The subject was separated from the background in the image sequence of all cameras using intensity and color thresholding [70] compared to background images (Figure 1). The 3D representation was achieved through visual hull construction from multiple 2D camera views [71–73]. Visual hulls were created with voxel edges of λ = 10 mm, which is sufficiently small enough for these camera configurations [74]. The number of cameras used for visual hull construction greatly affects the accuracy of visual hulls [69]. The accuracy of visual hulls also depends on the human subject's position and pose within an observed viewing volume [69]. Simultaneous changes in position and pose result in decreased accuracy of visual hull construction (Figure 2). Increasing the number of cameras leads to decreased variations across the viewing volume and a better approximation of the true volume value.

Figure 1
figure 1

(a) Selected background images (top) and separated subject data (bottom). (b) Camera configuration, video sequences with separated subject data, and selected visual hulls.

Figure 2
figure 2

(a) Volume values of visual hulls as a function of position and pose in the viewing volume. (b) Average, min and max volume values across the viewing volume as a function of number of cameras. The dotted line indicates the human form's volume.

A subject-specific 3D articulated model was tracked in the 3D representations constructed from the image sequences. An articulated model is typically derived from a morphological description of the human body's anatomy plus a set of information regarding the kinematic chain and joint centers. The morphological information of the human body can be a general approximation (cylinders, super-quadrics, etc.) or an estimation of the actual subject's outer surface. Ideally, an articulated model is subject-specific and created from a direct measurement of the subject's outer surface. The kinematic chain underneath an anatomic model can be manually set or estimated through either functional [49, 75] or anthropometric methods [76, 77]. The more complex the kinematic description of the body the more information can be obtained from the 3D representation matched by the model. While in marker-based systems the anatomic reference frame of a segment is acquired from anatomical landmarks tracked consistently through the motion path, in the markerless system the anatomical reference frames are defined by the model joint centers and reference pose. During the tracking process, the reference frames remain rigidly attached to their appropriate model anatomic segment, thus describing the estimated position and orientation in the subject's anatomic segments. In this study, an articulated body was created from a detailed full body laser scan with markers affixed to the subject's joints (Figure 3). The articulated body consisted at least of 15 body segments (head, trunk, pelvis, and left and right arm, forearm, hand, thigh, shank and foot) and 14 joints connecting these segments.

Figure 3
figure 3

(a) Laser scan. (b) Body segments. (c) Joint centers.

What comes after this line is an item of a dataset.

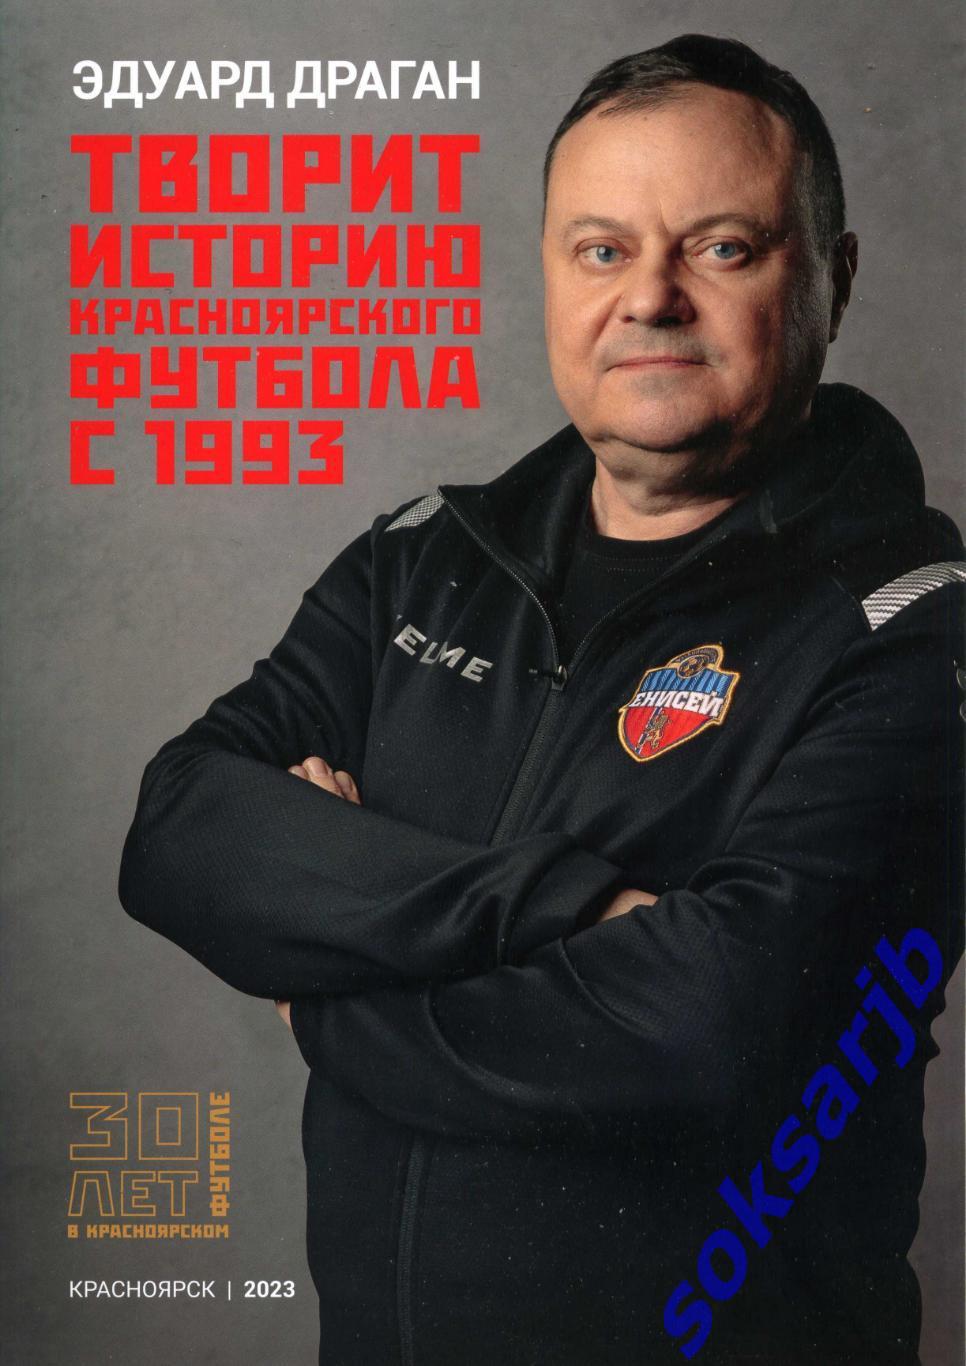 2023. Эдуард Драган творит историю Красноярского футбола с 1993 года.

The subject's pose was roughly matched to the first frame in the motion sequence and subsequently tracked automatically over the gait cycle (Figure 4). Joint center locations were extracted for all joints and joint centers of adjacent segments were used to define segment coordinate axes. Joint angles for the lower limbs for the sagittal and frontal planes were calculated as angles between corresponding axes of neighboring segments projected into the corresponding planes. Accuracy of human body kinematics was calculated as the average deviation of the deviation of joint angles derived from visual hulls compared to joint angles derived from the theoretical sequence and marker-based system over the gait cycle, respectively. The joint angles (sagittal and frontal plane) for the knee calculated as angles between corresponding axes of neighboring segments are used as preliminary basis of comparison between the marker-based and markerless systems (Figure 5). The accuracy of sagittal and frontal plane knee joint angles calculated from experiments was within the scope of the accuracy estimated from the theoretical calculations (accuracyexperimental: 2.3 ± 1.0° (sagittal); 1.6 ± 0.9° (frontal); accuracytheoretical: 2.1 ± 0.9° (sagittal); 0.4 ± 0.7° (frontal); [67, 68]). A similar method, with different model matching formulation and limited to hard joint constraints, was recently explored by the authors [78]. This method utilized simulated annealing and exponential maps to extract subject's kinematics, and resulted in comparable accuracy.

Figure 4
figure 4

Articulated body matched to visual hulls. (a) Human body segments. (b) Kinematic chain.

Figure 5
figure 5

Motion graphs for (a) knee flexion and (b) knee abduction angles (gray = marker-based; black = markerless).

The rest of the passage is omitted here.